» About this task: Every line of the data below should be retyped exactly, with no images carried over.

» Data below:
^^^^^^^^^^^^^^^^

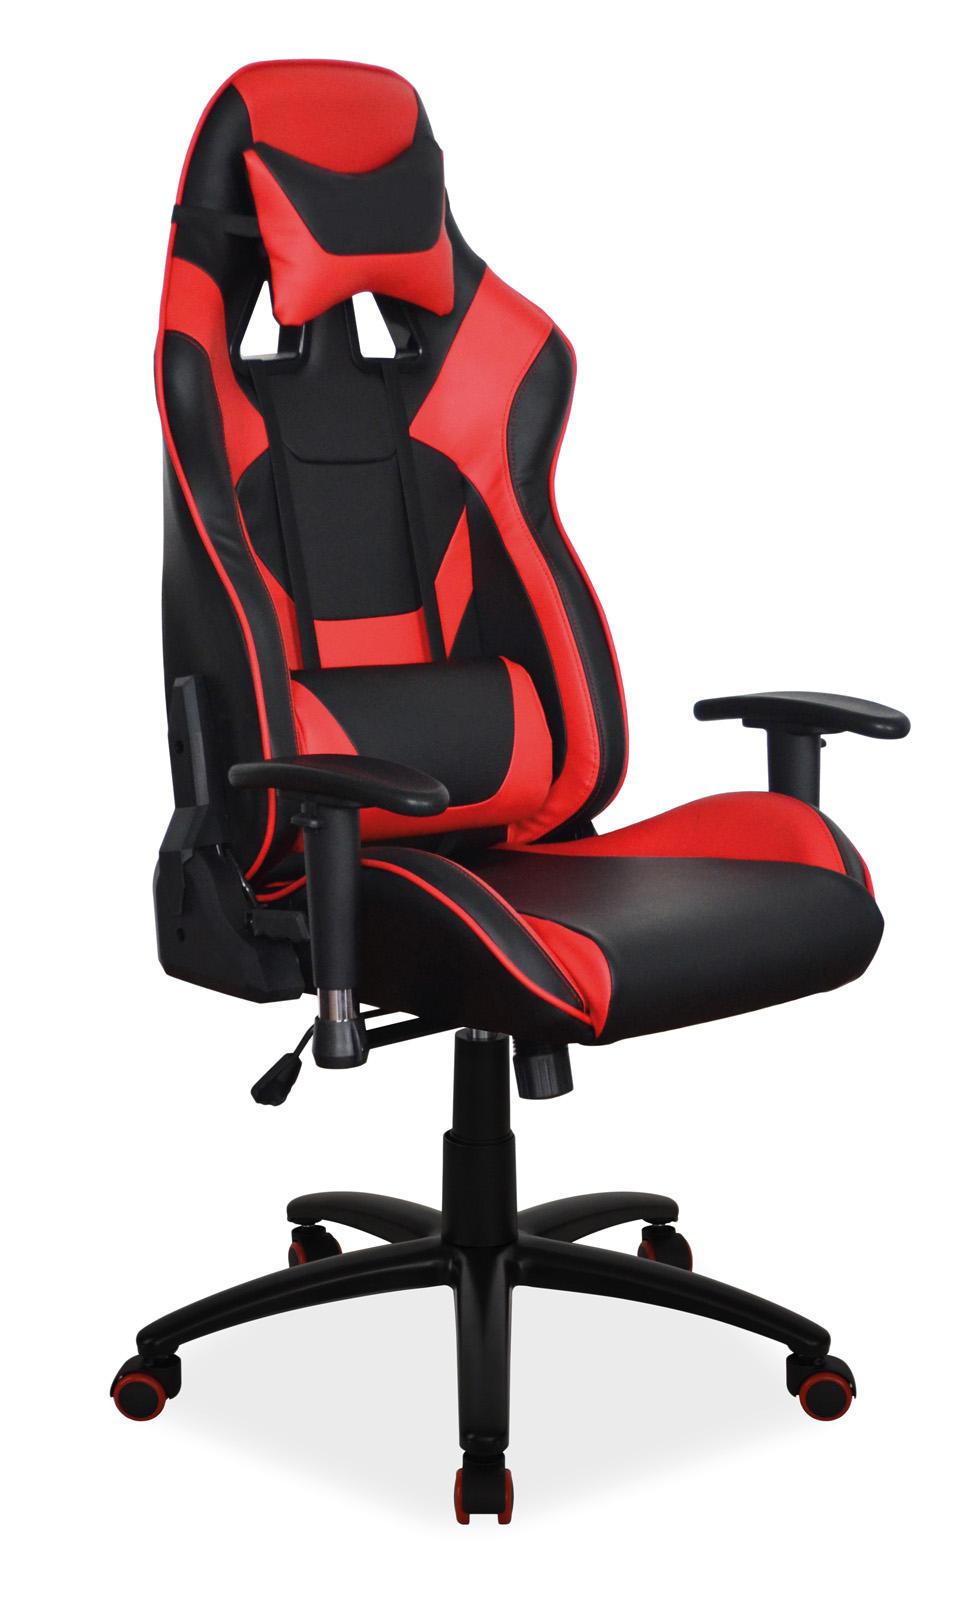 Scaun de birou ergonomic Supra Black / Red
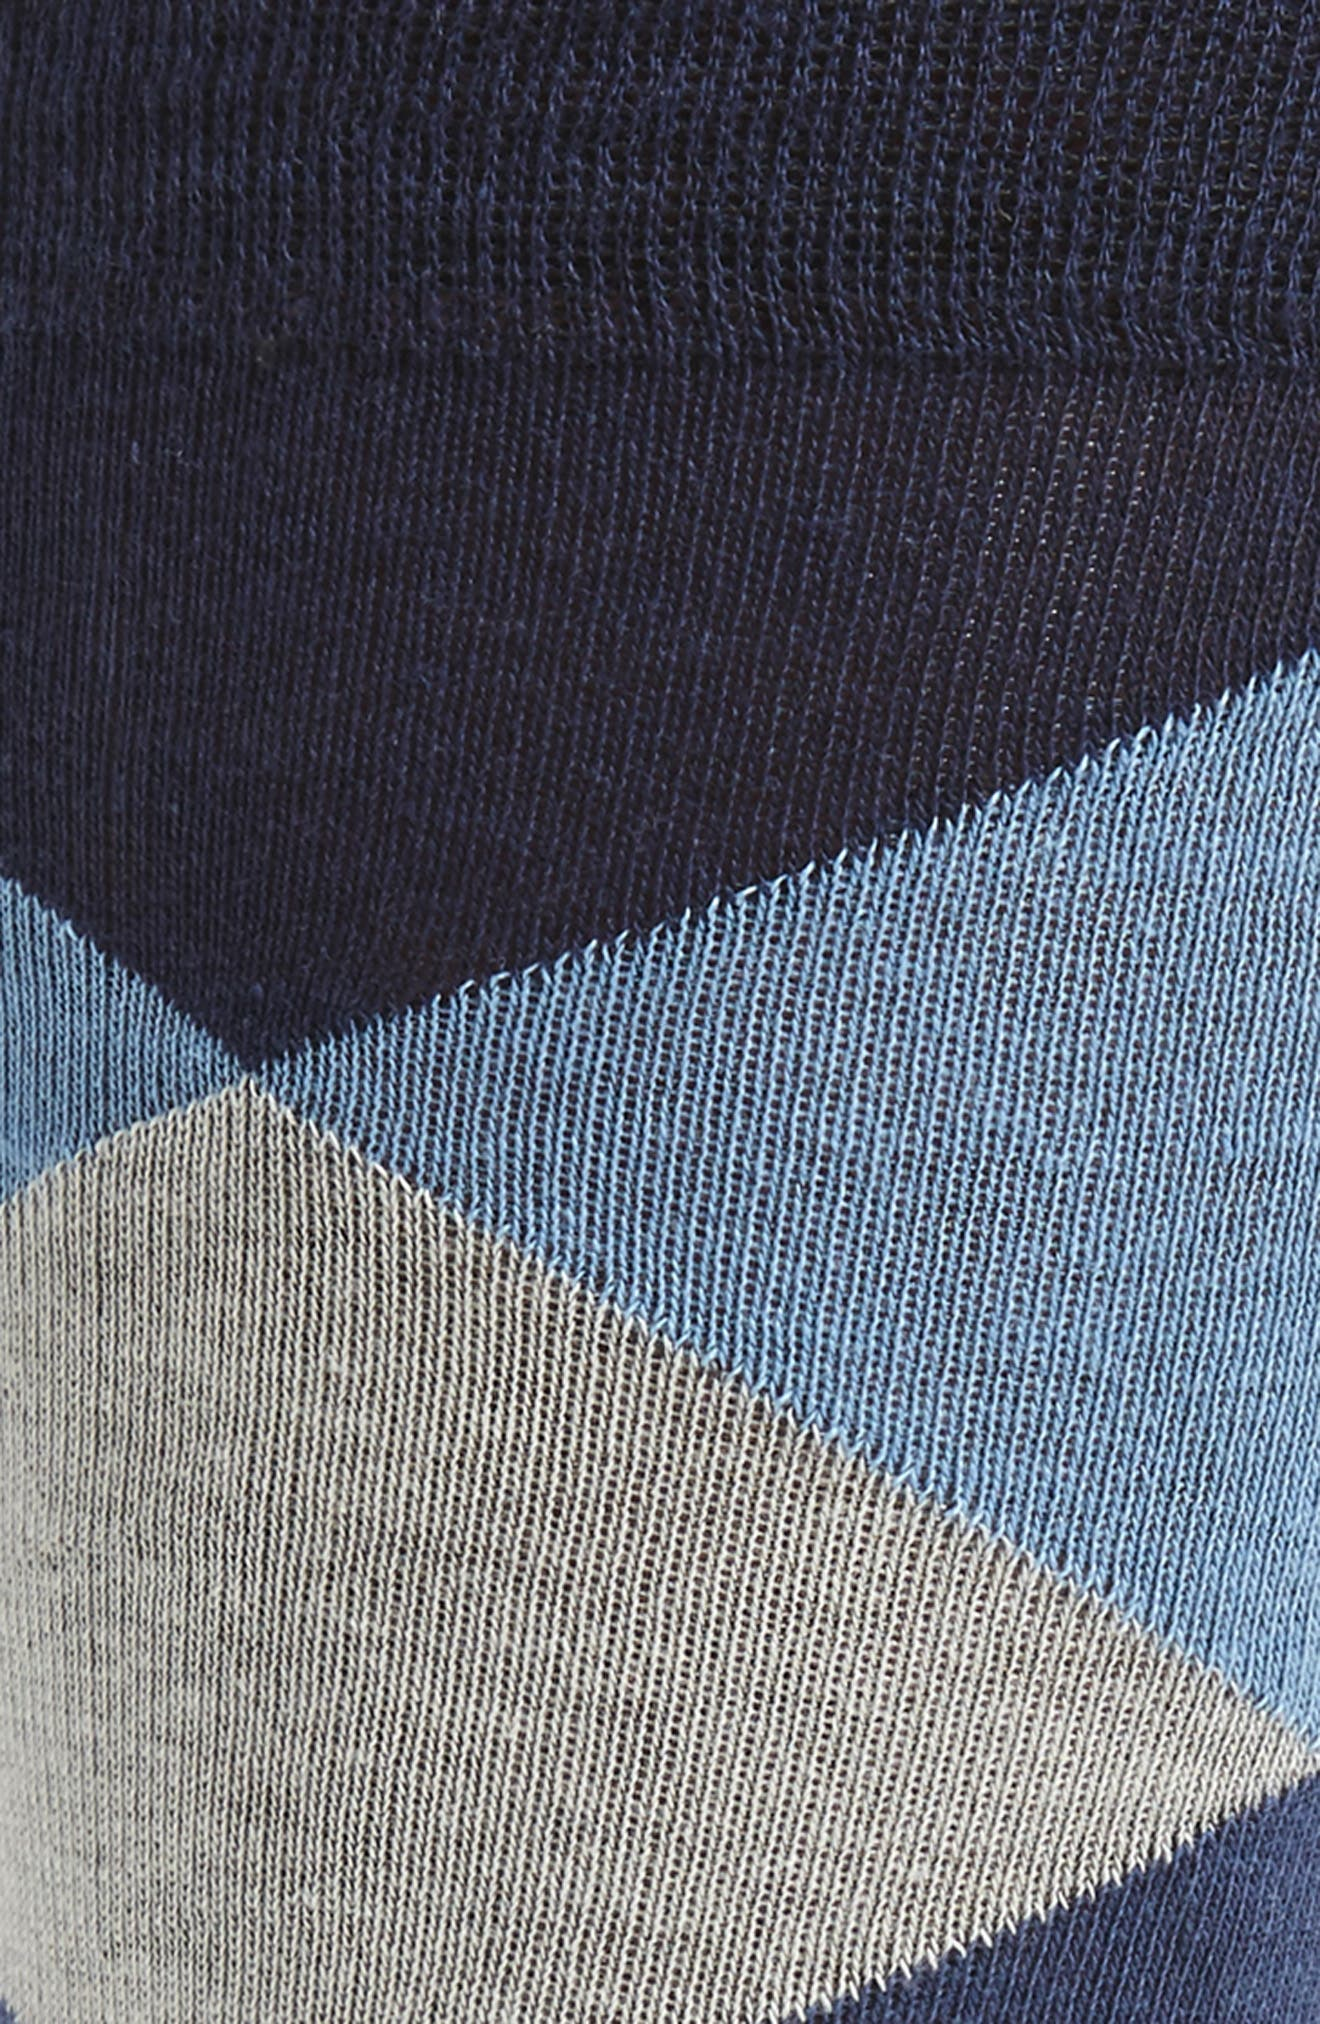 Large Diamond Crew Socks,                             Alternate thumbnail 2, color,                             Marine Blue
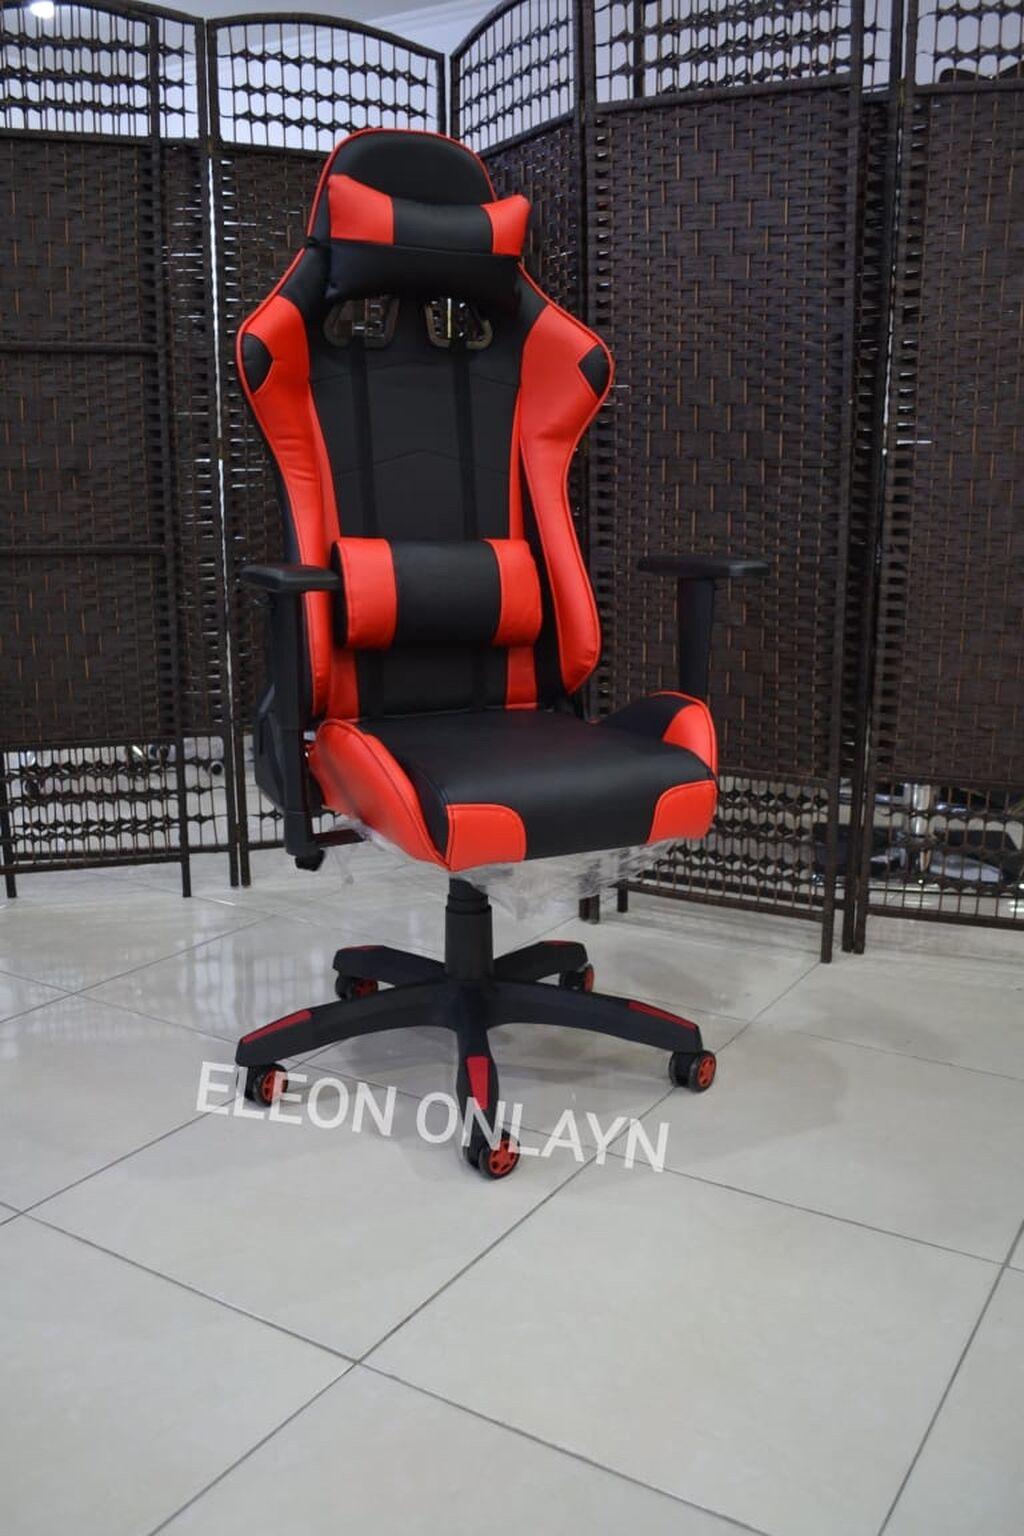 Gamer kreslo Геймерское кресло 300AZN

^^^^^^^^^^^^^^^^

» Result for this task:
 Scaun de birou ergonomic Supra Black / Red
 Large Diamond Crew Socks,                             Alternate thumbnail 2, color,                             Marine Blue
 Gamer kreslo Геймерское кресло 300AZN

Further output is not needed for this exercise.